# Hillbilly hunter



## Stickgrappler (Sep 27, 2013)

A hillbilly went hunting one day in West Virginia and bagged 3 ducks. He put them in the bed of his pickup truck and was about to drive home when he was confronted by an ornery game warden who didn't like hillbillies. The game warden ordered the hillbilly to show him his hunting license and the hillbilly pulled out a valid West Virginia hunting license.

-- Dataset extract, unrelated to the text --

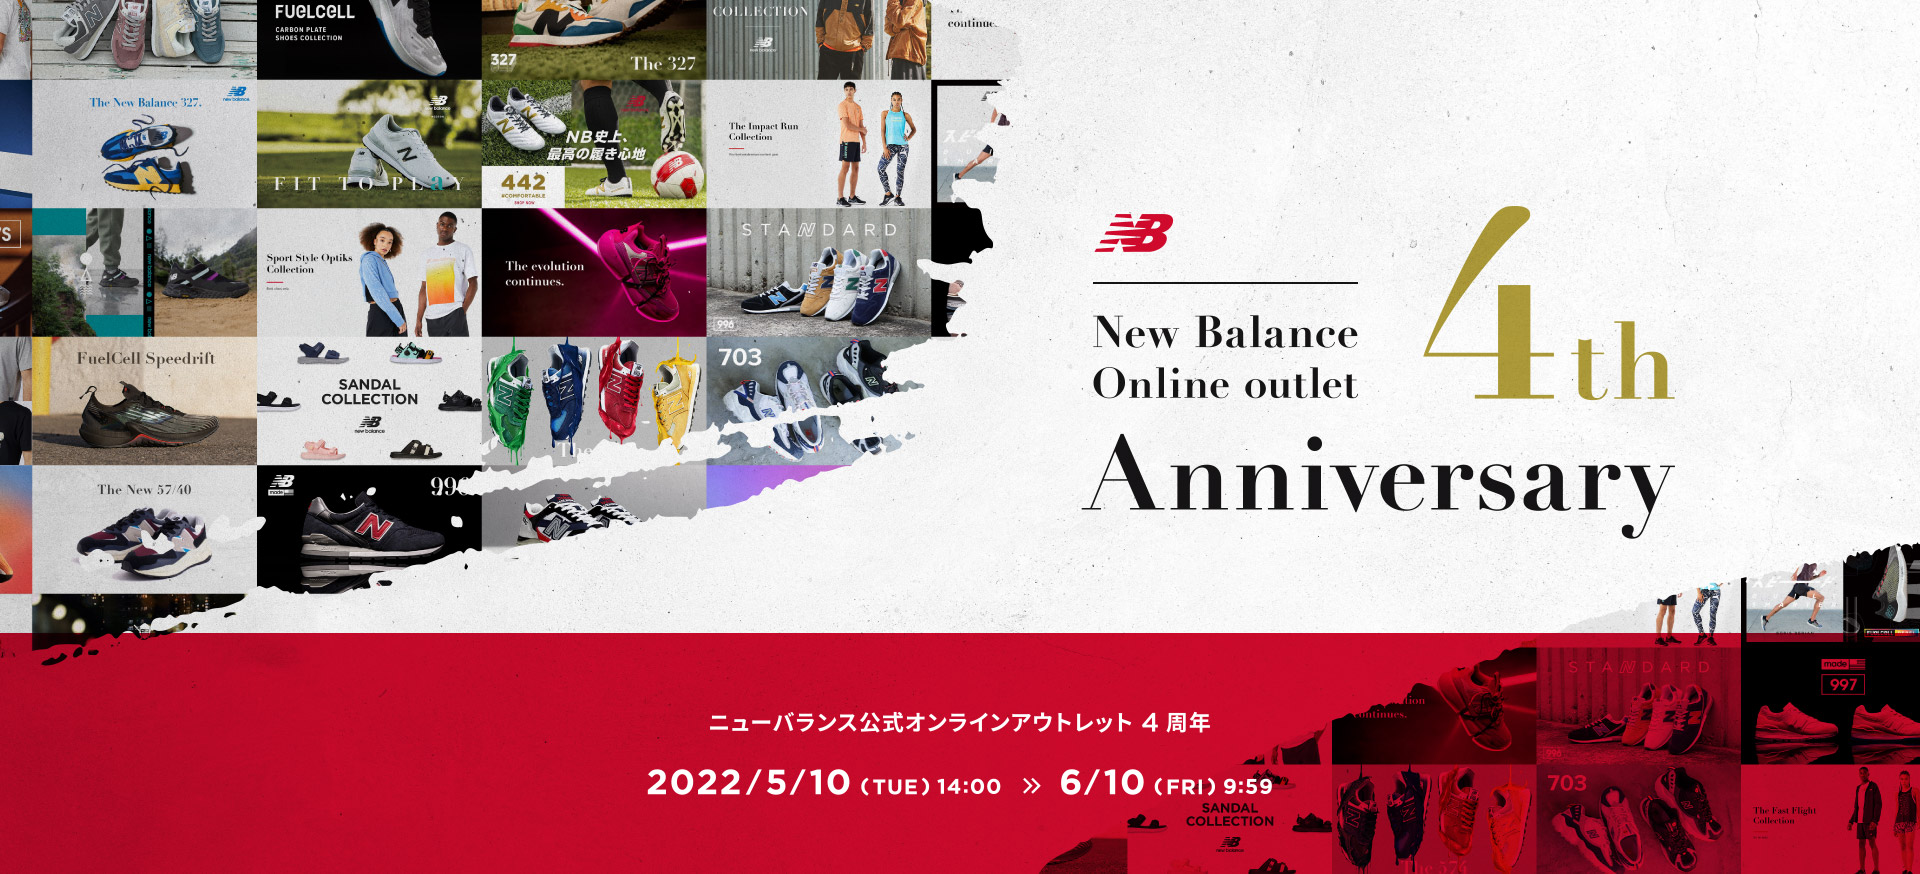 New Balance Online outlet 4th Anniversary. ニューバランス公式オンラインアウトレット4周年 2022年5月10日(火)14:00から6月10日(金)9:59まで
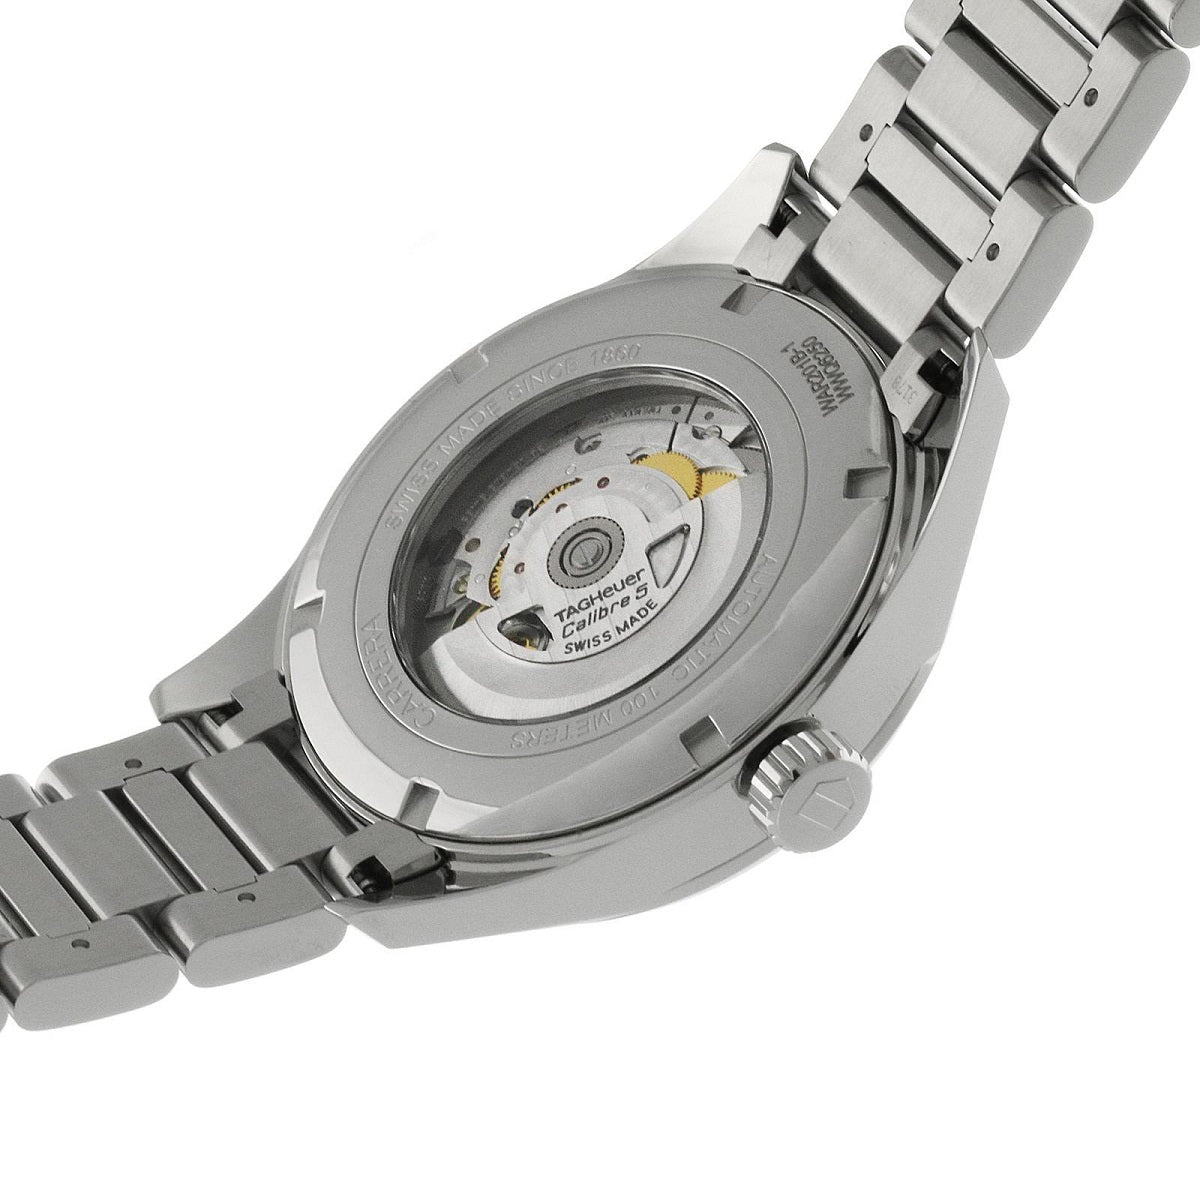 Tag Heuer Carrera Calibre 5 Day-Date Automatic Grey Dial Steel Men's Watch - WAR201B.BA0723

The game warden reached over and picked up one of the ducks, sniffed its butt and said, "This duck ain't from West Virginia. This is a Kentucky duck. You got a Kentucky huntin' license, boy?" The hillbilly reached into his wallet and produced a Kentucky hunting license. The game warden looked at it, reached over and grabbed the second duck, sniffed its butt, and said, "This ain't no Kentucky duck. This duck's from Tennessee. You got a Tennessee license?" The hillbilly reached into his wallet and pulled out a Tennessee hunting license. The game warden then reached over and picked up the 3rd duck, sniffed its butt, and said, "This ain't no Tennessee duck. This duck's from Virginia.

You got a Virginia hunting license, boy?" Again, the hillbilly reached into his wallet and pulled out a Virginia hunting license. The game warden was extremely frustrated at this point, yelled at the hillbilly, "Just where the hell you from?" The hillbilly turned around, bent over, dropped his pants and said, "You tell me, you're the expert."


----------